Esslingen - Die Esslinger Vesperkirche wird zehn Jahre alt. Sie ist eine Erfolgsgeschichte, doch Feierstimmung will nicht so richtig aufkommen, wenn die Tore der Frauenkirche am Sonntag, 25. Februar, wieder für drei Wochen offen stehen werden, um den Besuchern ein Mittagsmahl für 1,50 Euro zu bescheren.

 

„Jede Vesperkirche ist auch ein Stück mahnendes Zeichen für Einsamkeit, Armut und Ausgrenzung“, schreibt Eberhard Haußmann, der Geschäftsführer des mitveranstaltenden Kreisdiakonieverbandes, in der Jubiläumszeitung. Seine bittere Bilanz nach zehn Jahren: „Wer arm ist in dieser Gesellschaft, der bleibt auch arm – an Geld, an Kultur und an Teilhabe.“ Menschen, die 40 Prozent seines Einkommens allein fürs Wohnen ausgeben müsse, bliebe für andere Bereiche, sei es ein Kindergeburtstag oder ein Lokalbesuch, nichts mehr. In der Esslinger Frauenkirche zeige sich das Gesicht der Armut mehr noch als in den wesentlich kleineren Vesperkirchen in Nürtingen und Kirchheim.

Der Vesperkirchen-Etat beträgt 100 000 Euro

Umso wichtiger sind für Haußmann und für den Esslinger Dekan Bernd Weißenborn die drei Wochen, in denen sich die Frauenkirche, eine vor rund 500 Jahren vollendete gotische Hallenkirche, in eine Herberge für alle verwandelt. „Wir teilen etwas von unserem Glauben und der Nächstenliebe“, sagt Weißenborn im Namen des Mitveranstalters, der Evangelischen Gesamtkirchengemeinde Esslingen. Dieses Verantwortungsgefühl für die Menschen, die, „auf der anderen Seite der Wirklichkeit“, vom Wohlstand abgehängt seien, kennzeichne den Kern der Vesperkirche. 100 000 Euro nehmen die Organisatoren in die Hand, um diese Idee für drei Wochen lebendig werden zu lassen.

Siegfried Bessey, der Vorsitzende des Kirchengemeinderats, hat die Erfahrung gemacht, dass die Vesperkirche noch über diesem begrenzten Zeitraum hinaus wirkt. „Durch die Vesperkirche sind viele Kontakte entstanden, die weit über die drei Wochen hinausreichen“, sagt er. Als Begegnungsprojekt spreche sie nicht nur die Gäste an, die an den Tischen Platz nehmen würden, sondern auch jedes Jahr bis zu 500 Helferinnen und Helfer hinter den Kulissen. Nicht zu vergessen die Kontakte über die Hilfs- und Begegnungsangebote, auf die regelmäßig in dem Kirchenraum hingewiesen würden.

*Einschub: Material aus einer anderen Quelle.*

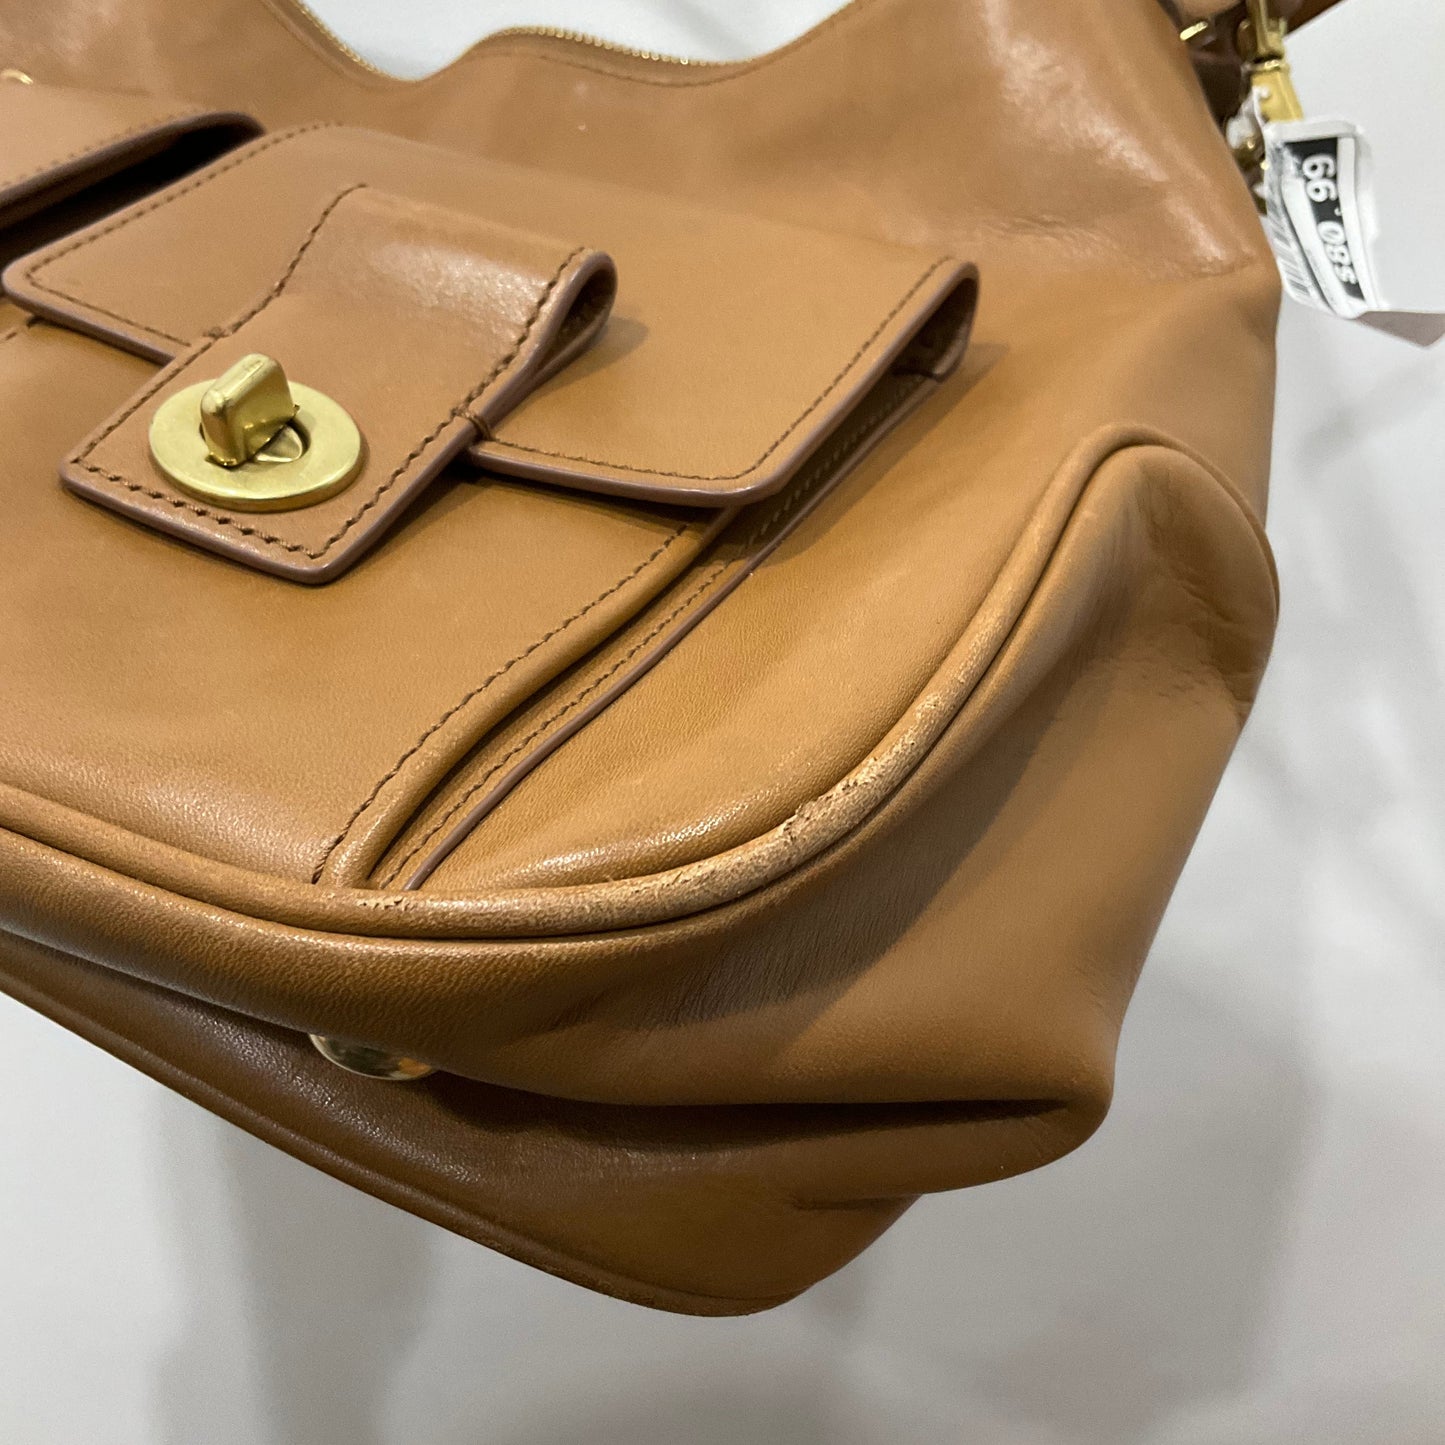 Handbag Designer jw hulme, Size Medium

Gerlinde Kretschmann bindet sich zum Auftakt die Helferschürze um

Während in der Kirche selbst das über die Jahre bewährte Programm geboten sein wird, greift die Kirchengemeinde das Jubiläum auf, um einen von Jugendlichen des Beruflichen Ausbildungszentrums (BAZ) Esslingen geschaffenen runden Vesperkirchentisch auf die Reise durch die Stadt zu schicken. An 20 Stationen wird der aus fünf verschiedenfarbenen Teilen zusammengesetzte Tisch die Idee des Begegnungsprojekts in die Fläche tragen. „Wir machen damit Werbung für den Ort, an dem der Tisch Station macht, aber auch für die Vesperkirche“, sagt Alexander Bergholz, der das Projekt betreut.

Werbewirksam wird auch schon der Auftakt am 25. Februar sein. Ein um 10 Uhr beginnender ökumenischer Gottesdienst mit Weißenborn und dem Oberkirchenrat Dieter Kaufmann spannt den Bogen über das Projekt, bei dem Gerlinde Kretschmann mit gutem Beispiel vorangeht. Die Frau des baden-württembergischen Ministerpräsidenten wird sich am Eröffnungstag die Helferschürze umbinden.